Re: [RFC][PATCH 4/7] smp: Optimize send_call_function_single_ipi()

From: Peter Zijlstra
Date: Wed May 27 2020 - 05:56:59 EST


On Tue, May 26, 2020 at 06:11:01PM +0200, Peter Zijlstra wrote:
> Just like the ttwu_queue_remote() IPI, make use of _TIF_POLLING_NRFLAG
> to avoid sending IPIs to idle CPUs.
>
> Signed-off-by: Peter Zijlstra (Intel) <peterz@xxxxxxxxxxxxx>
> ---
> kernel/sched/core.c | 10 ++++++++++
> kernel/sched/idle.c | 1 +
> kernel/sched/sched.h | 2 ++
> kernel/smp.c | 16 +++++++++++++++-
> 4 files changed, 28 insertions(+), 1 deletion(-)
>
> --- a/kernel/sched/core.c
> +++ b/kernel/sched/core.c
> @@ -2296,6 +2296,16 @@ static void wake_csd_func(void *info)
> sched_ttwu_pending();
> }
>
> +void send_call_function_single_ipi(int cpu)
> +{
> + struct rq *rq = cpu_rq(cpu);
> +
> + if (!set_nr_if_polling(rq->idle))
> + arch_send_call_function_single_ipi(cpu);
> + else
> + trace_sched_wake_idle_without_ipi(cpu);
> +}
> +
> /*
> * Queue a task on the target CPUs wake_list and wake the CPU via IPI if
> * necessary. The wakee CPU on receipt of the IPI will queue the task
> --- a/kernel/sched/idle.c
> +++ b/kernel/sched/idle.c
> @@ -289,6 +289,7 @@ static void do_idle(void)
> */
> smp_mb__after_atomic();
>
> + flush_smp_call_function_from_idle();
> sched_ttwu_pending();
> schedule_idle();
>

Paul; the above patch basically allows smp_call_function_single() to run
from the idle context (with IRQs disabled, obviously) instead of from an
actual IRQ context.

This makes RCU unhappy (as reported by mingo):

[ ] ------------[ cut here ]------------
[ ] Not in hardirq as expected
[ ] WARNING: CPU: 4 PID: 0 at kernel/rcu/tree.c:430 rcu_is_cpu_rrupt_from_idle+0xed/0x110
[ ] Modules linked in:
[ ] CPU: 4 PID: 0 Comm: swapper/4 Not tainted 5.7.0-rc7-00840-ga61d572-dirty #1
[ ] Hardware name: Supermicro H8DG6/H8DGi/H8DG6/H8DGi, BIOS 2.0b 03/01/2012
[ ] RIP: 0010:rcu_is_cpu_rrupt_from_idle+0xed/0x110
[ ] Call Trace:
[ ] rcu_exp_handler+0x38/0x90
[ ] flush_smp_call_function_queue+0xce/0x230
[ ] flush_smp_call_function_from_idle+0x2f/0x60
[ ] do_idle+0x163/0x260
[ ] cpu_startup_entry+0x19/0x20
[ ] start_secondary+0x14f/0x1a0
[ ] irq event stamp: 189300
[ ] hardirqs last enabled at (189299): [<ffffffff811d3e25>] tick_nohz_idle_exit+0x55/0xb0
[ ] hardirqs last disabled at (189300): [<ffffffff811da5f5>] flush_smp_call_function_from_idle+0x25/0x60
[ ] softirqs last enabled at (189284): [<ffffffff811280a0>] irq_enter_rcu+0x70/0x80
[ ] softirqs last disabled at (189283): [<ffffffff81128085>] irq_enter_rcu+0x55/0x80

This is rcu_is_cpu_rrupt_from_idle()'s lockdep_assert_in_irq() tripping
up (it's comment is obviously a bit antiquated).

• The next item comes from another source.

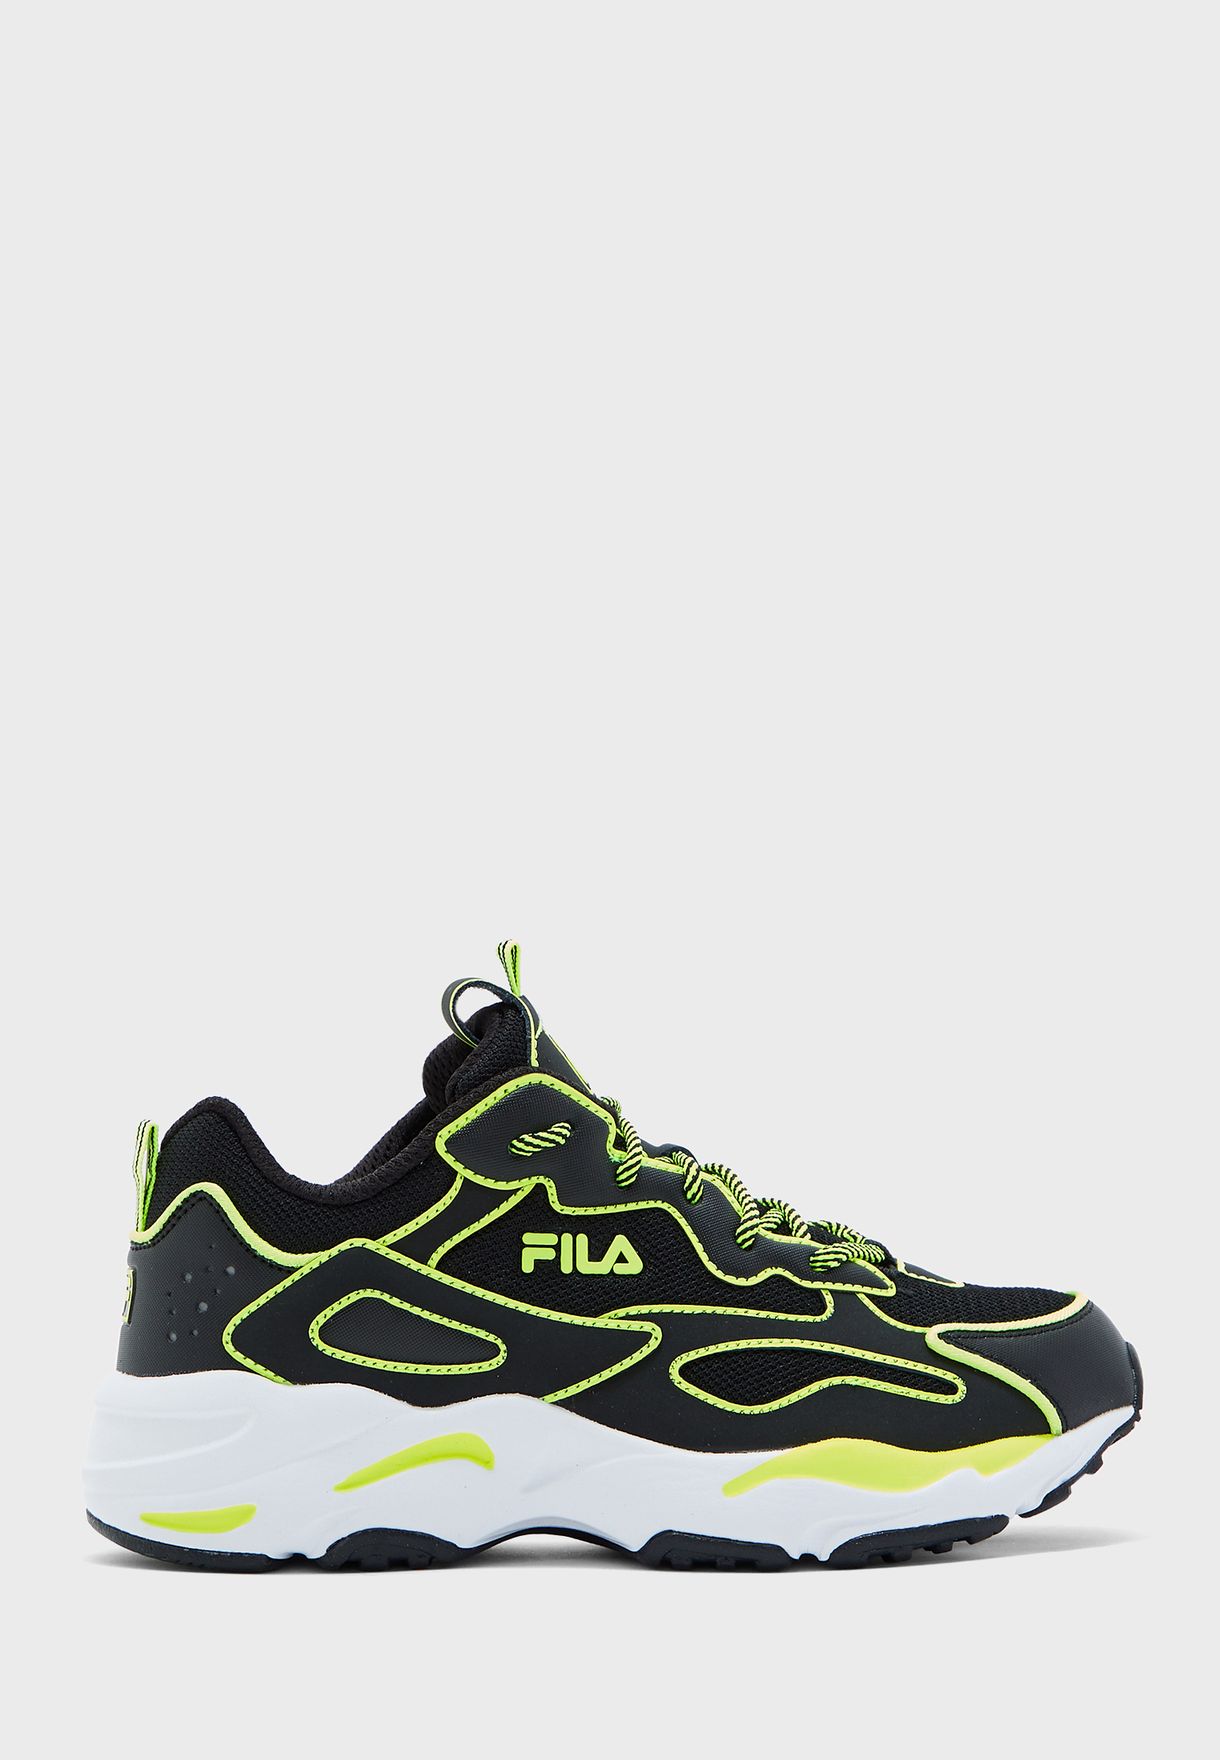 neon green fila shoes

Now, if I read that code correctly, it actually relies on
rcu_irq_enter() and thus really wants to be in an interrupt. Is there
any way this code can be made to work from the new context too?

After all, all that really is different is not having gone throught he
bother of setting up the IRQ context, nothing else changed -- it just so
happens you actually relied on that ;/